I'll keep this short and sweet.
Construct Axiomatic System A in which we can do math.
Gödel Sentence G = G is unprovable in A.
Gödel's Argument (I)
If G is provable then there's proof that G has no proof. Contradiction!
If G is unprovable then no (auto-)contradiction.
Either G is provable or G is unprovable.
G is unprovable (in A)
Hypothetical Argument (K)
Argument I has to be outside A for Gödel's theorems to be true.
Argument I uses logic (even though it doesn't use any of the axioms in A).
Axiomatic system A also uses logic.
How can something that employs logic (argument I) be outside something that too uses logic (axiomatic system A). At the very least they overlap in utilizing logic.
Steel manning: Gödel has used axiomatic system A to prove G that claims it does not use axiomatic system A. Contradiction!
Is argument K any good? Have an awesome day.
EDIT 1 START
(A big thank you to Conifold and Scott Rowe)
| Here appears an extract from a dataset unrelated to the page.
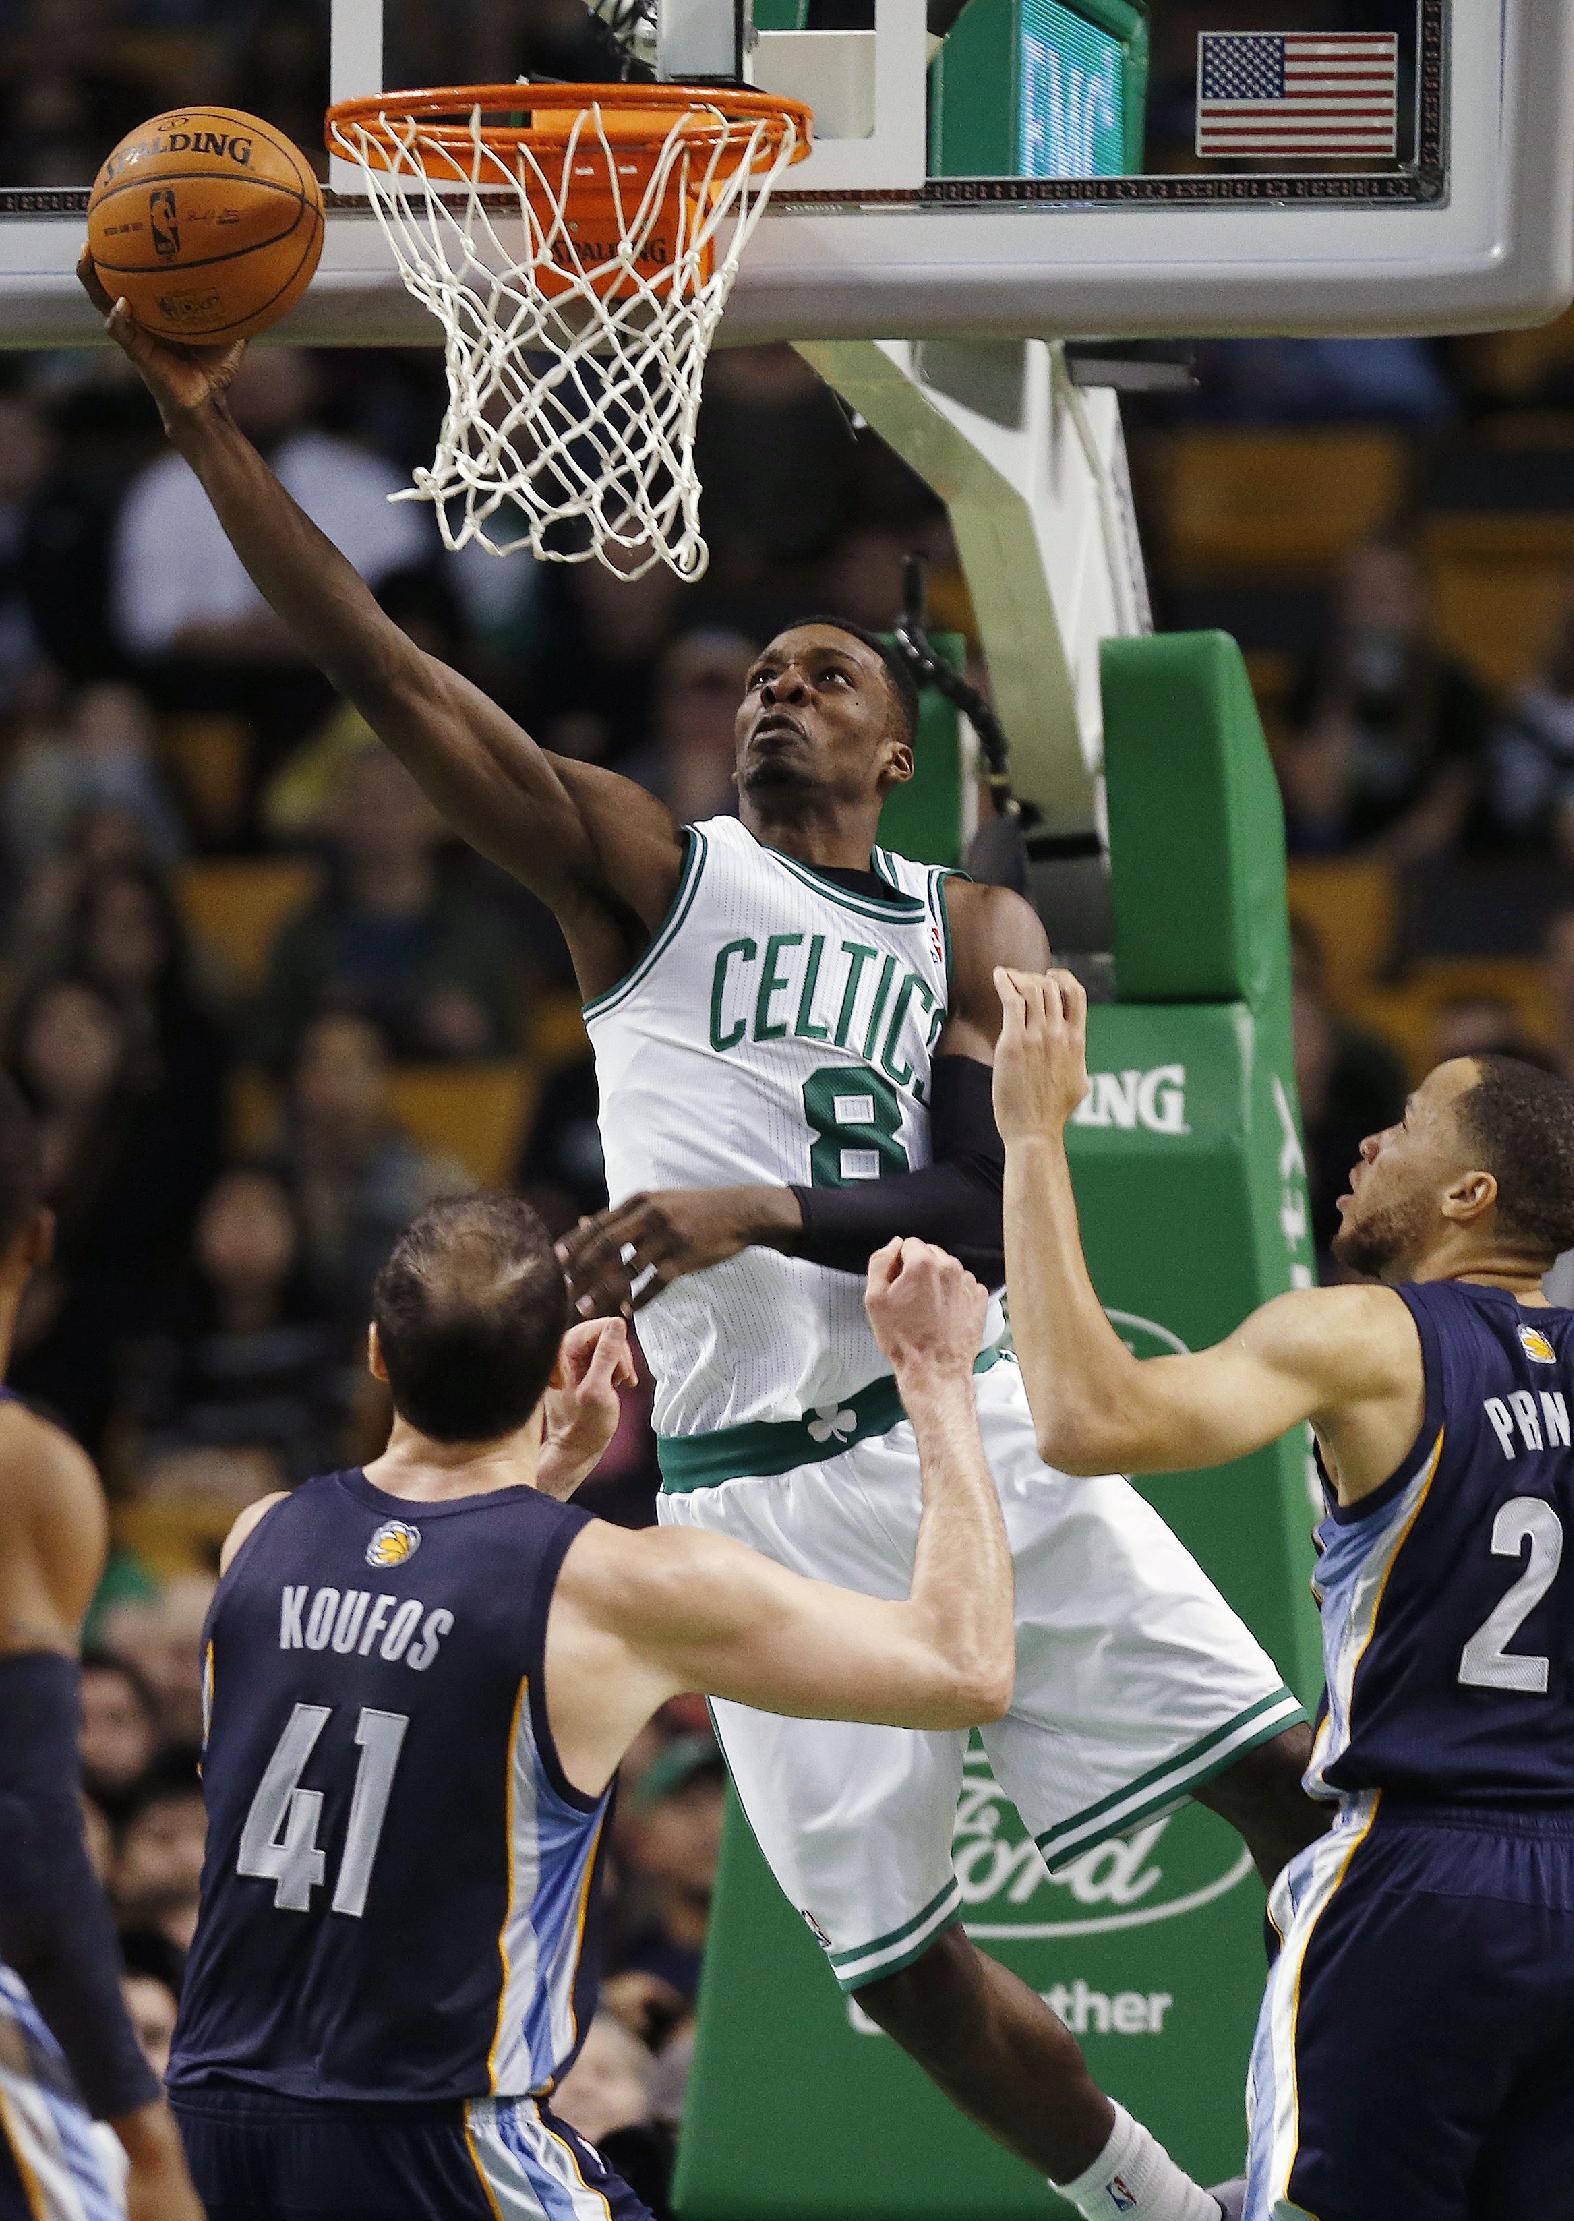 Boston Celtics' Jeff Green (8) shoots between Memphis Grizzlies' Kosta Koufos (41) and Tayshaun Prince (21) in the fourth quarter of an NBA basketball game in Boston, Wednesday, Nov. 27, 2013. The Grizzlies won 100-93

Note that G is true in(side) axiomatic system A. Argument I (Gödel's argument) is outside axiomatic system A (re Conifold's comment) then. How is this possible? I'm stumped. Gödel didn't use any of the axioms of A and proved that there's a true statement in A that isn't provable from the axioms of A.
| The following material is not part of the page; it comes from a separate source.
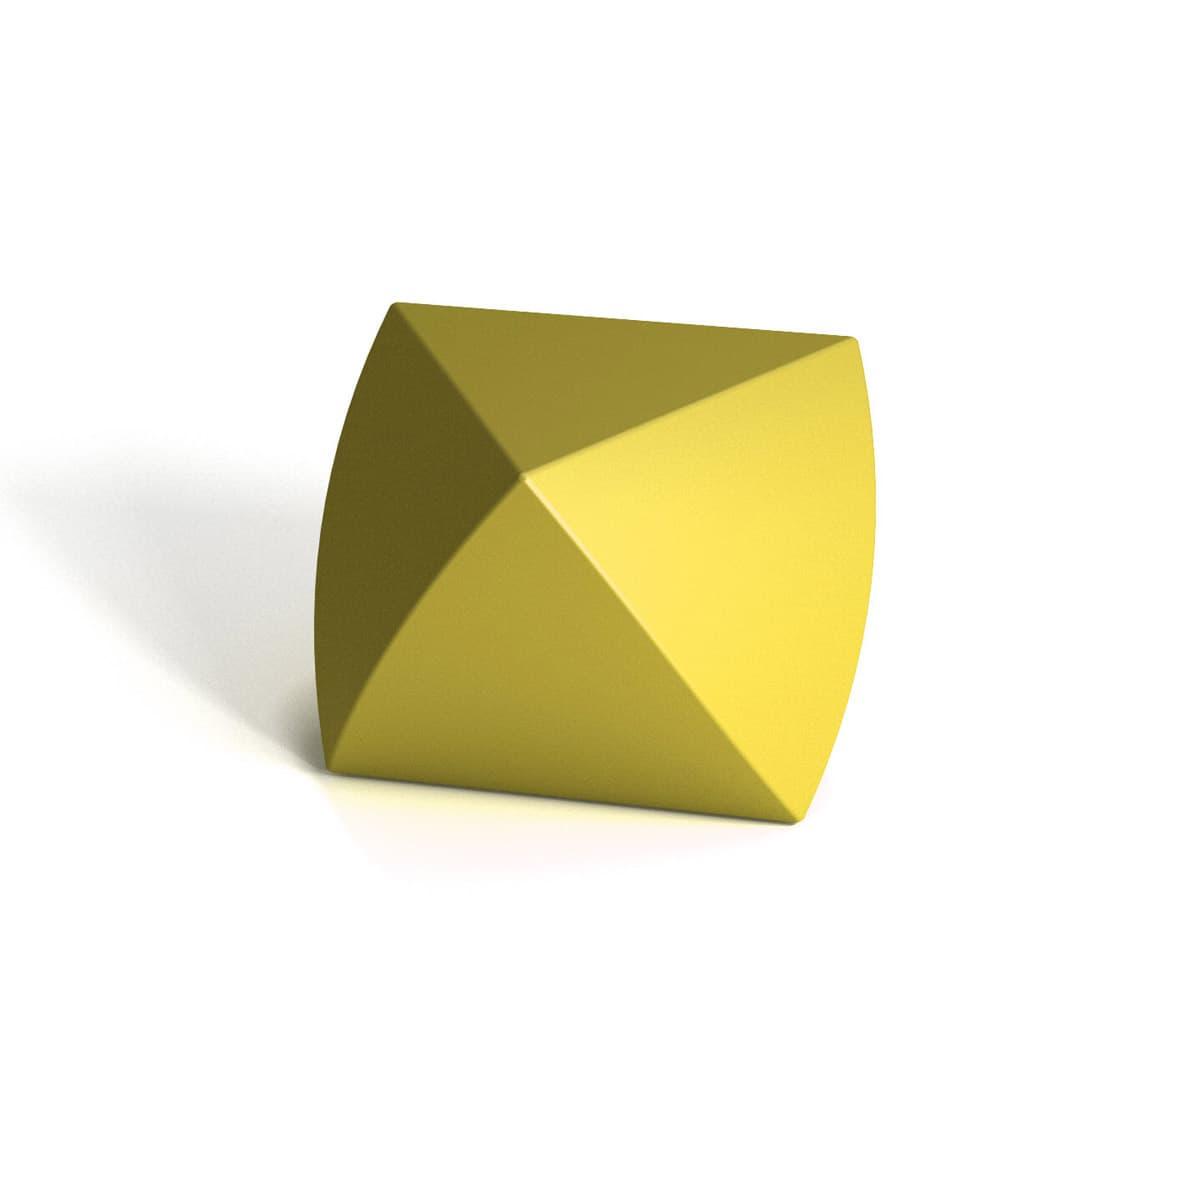 Block Prism stools
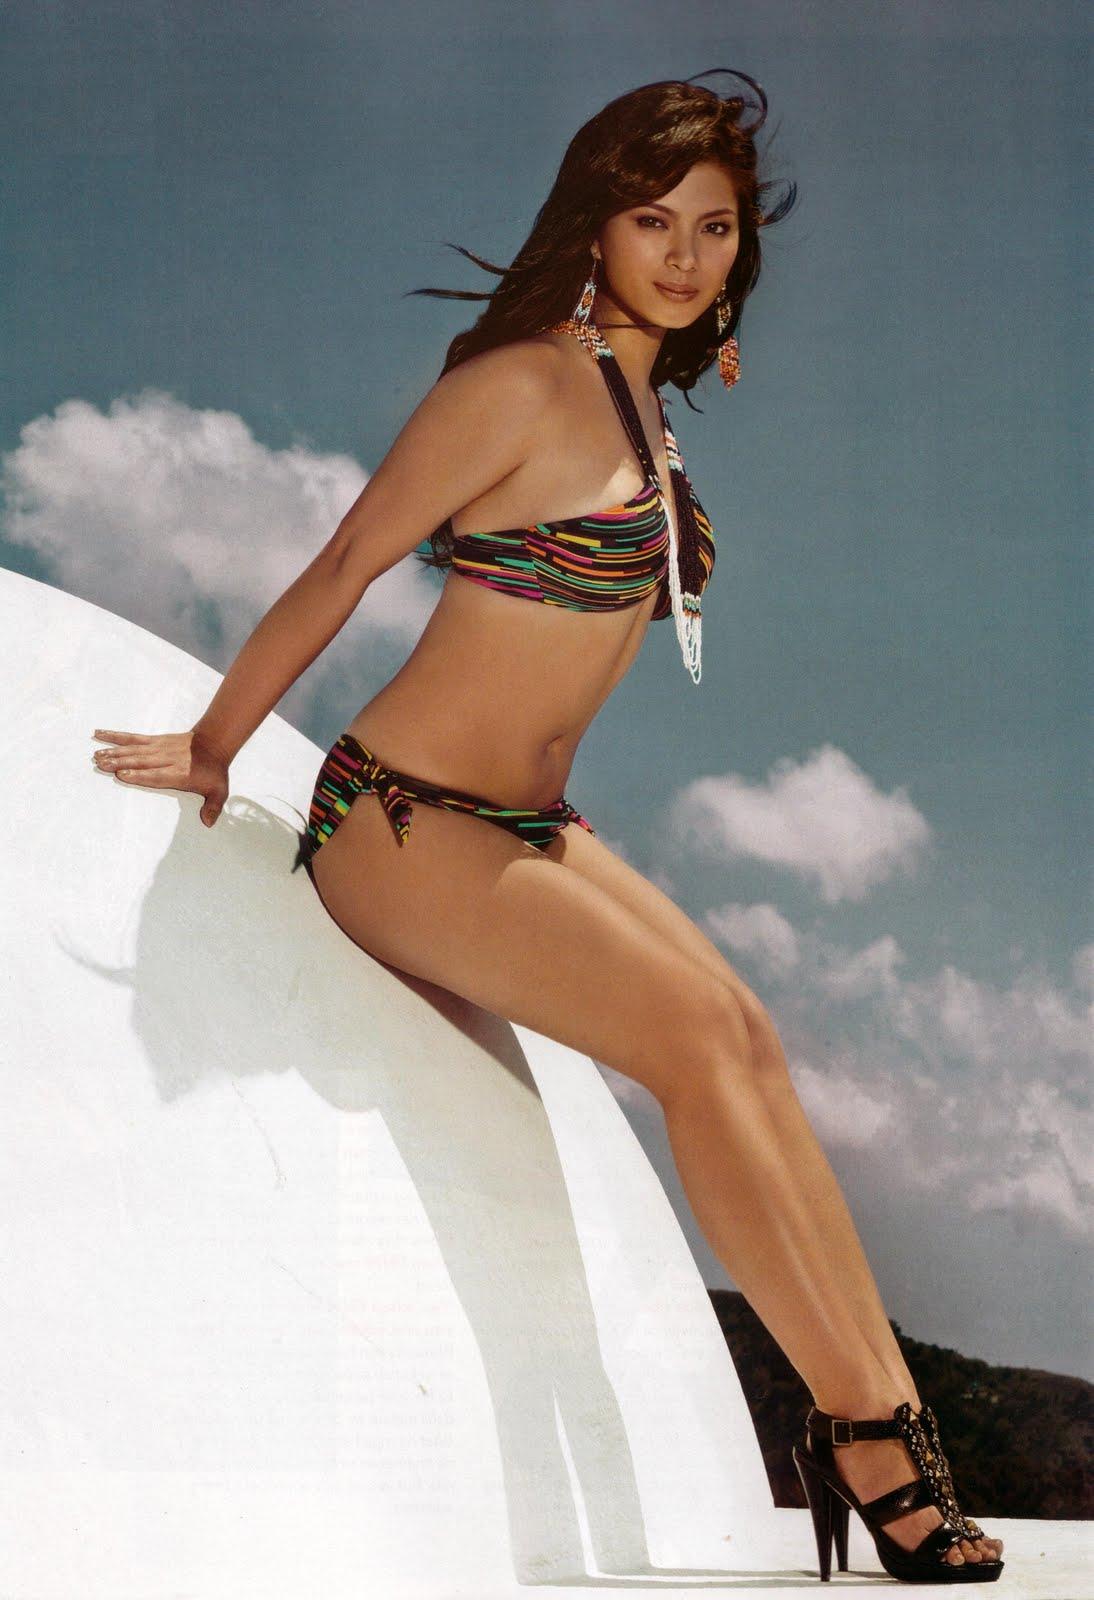 Hot angle Nude Photos 100

How does one define as being in(side) axiomatic system A? I would say, naïvely perhaps, that for a theorem or proposition to be in(side) axiomatic system A, it would need to be derived/proved from the axioms of A.
If G is in(side) A (G has to be inside axiomatic system A for Gödel's proof) then it has to be provable from the axioms of A. That's what being in(side) an axiomatic system means, conventionally.
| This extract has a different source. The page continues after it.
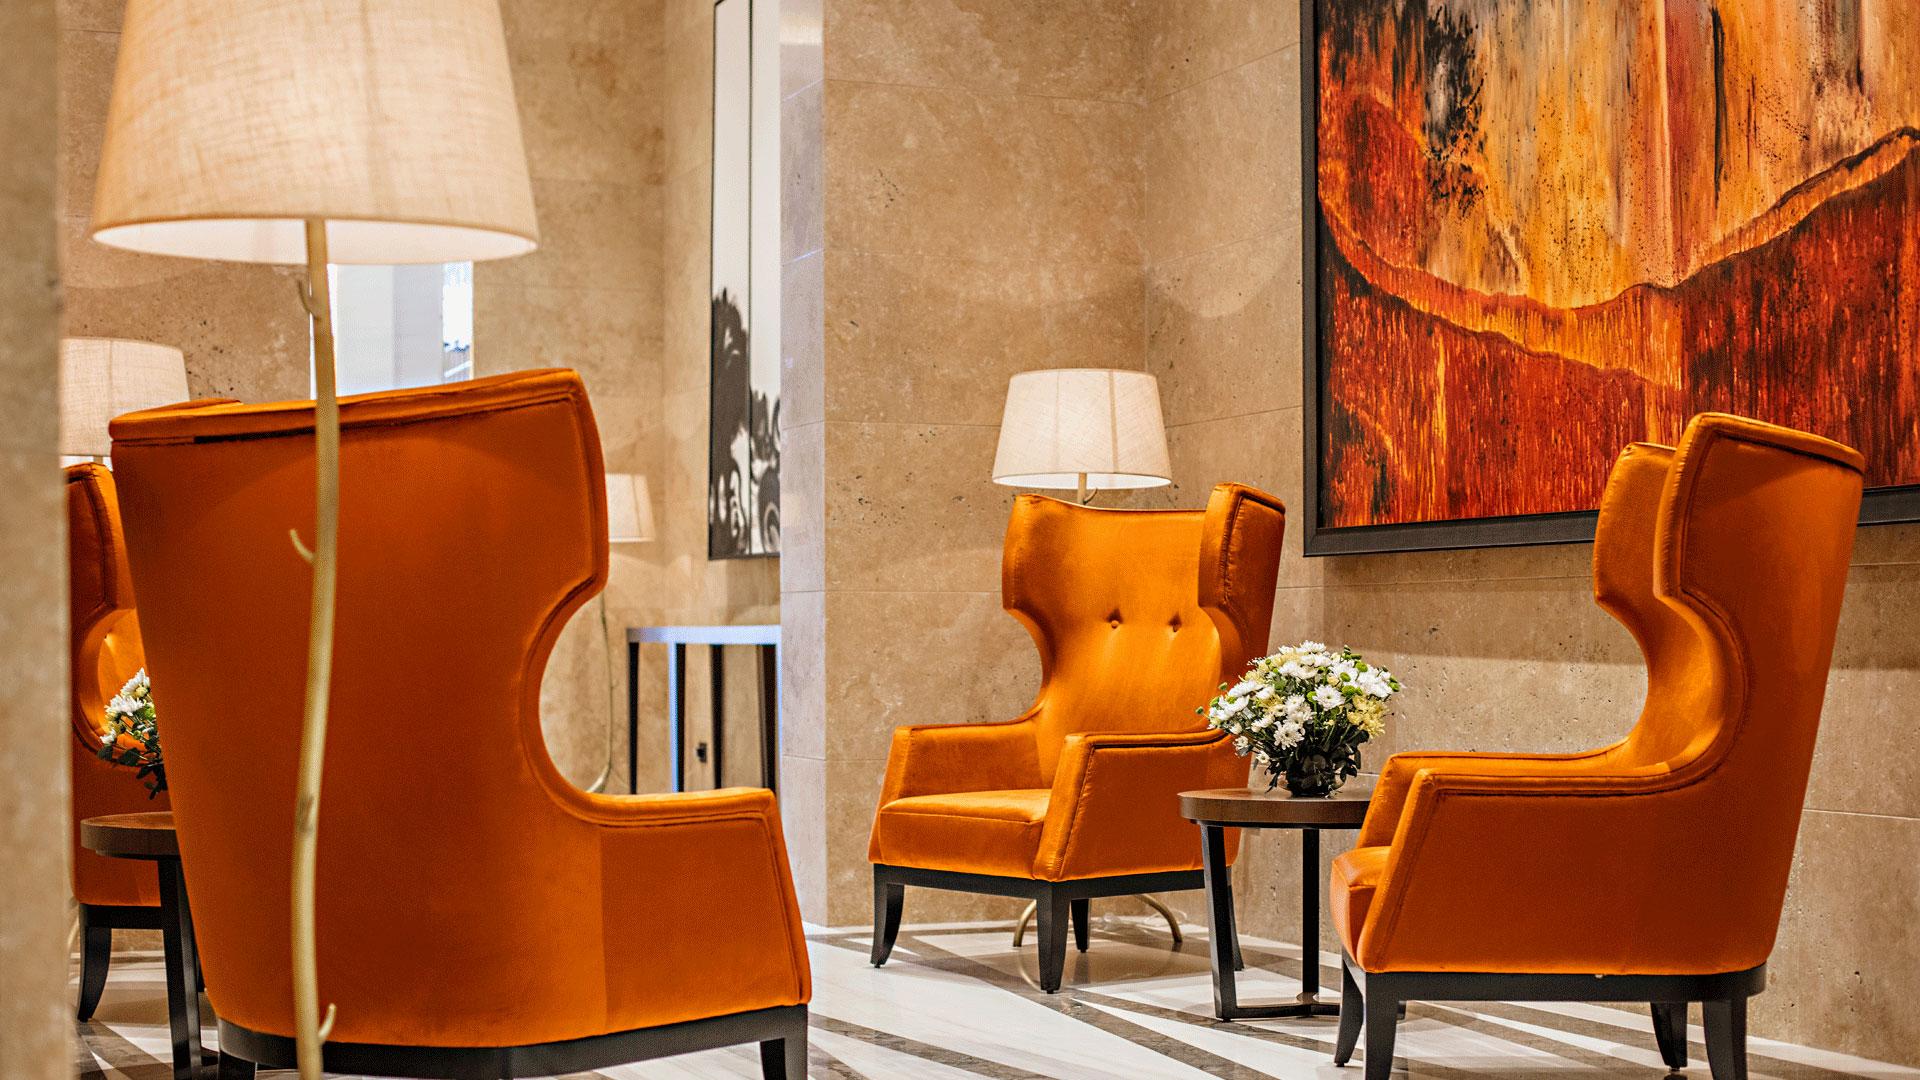 Luxurious 4BHK flat in Ulsoor

But Gödel's argument G claims it is not provable from the axioms of the axiomatic system A.
This is a contradiction.
EDIT 1 END
EDIT 2 START
The Gödel sentence G has to be
But, analogoulsy, E = Aliens exist, is also constructible, but this has no aletheic import. E can be true/false. Likewise G can be true or false. So much for being constructible.
According to articles that I read on Gödel's eponymous theorems, the only "proof" we have that G is true is G itself: G asserts G is true. Isn't this a circulos in probando akin to the Bible Fallacy: The Bible is true "because" The Bible asserts The Bible is true??
EDIT 2 END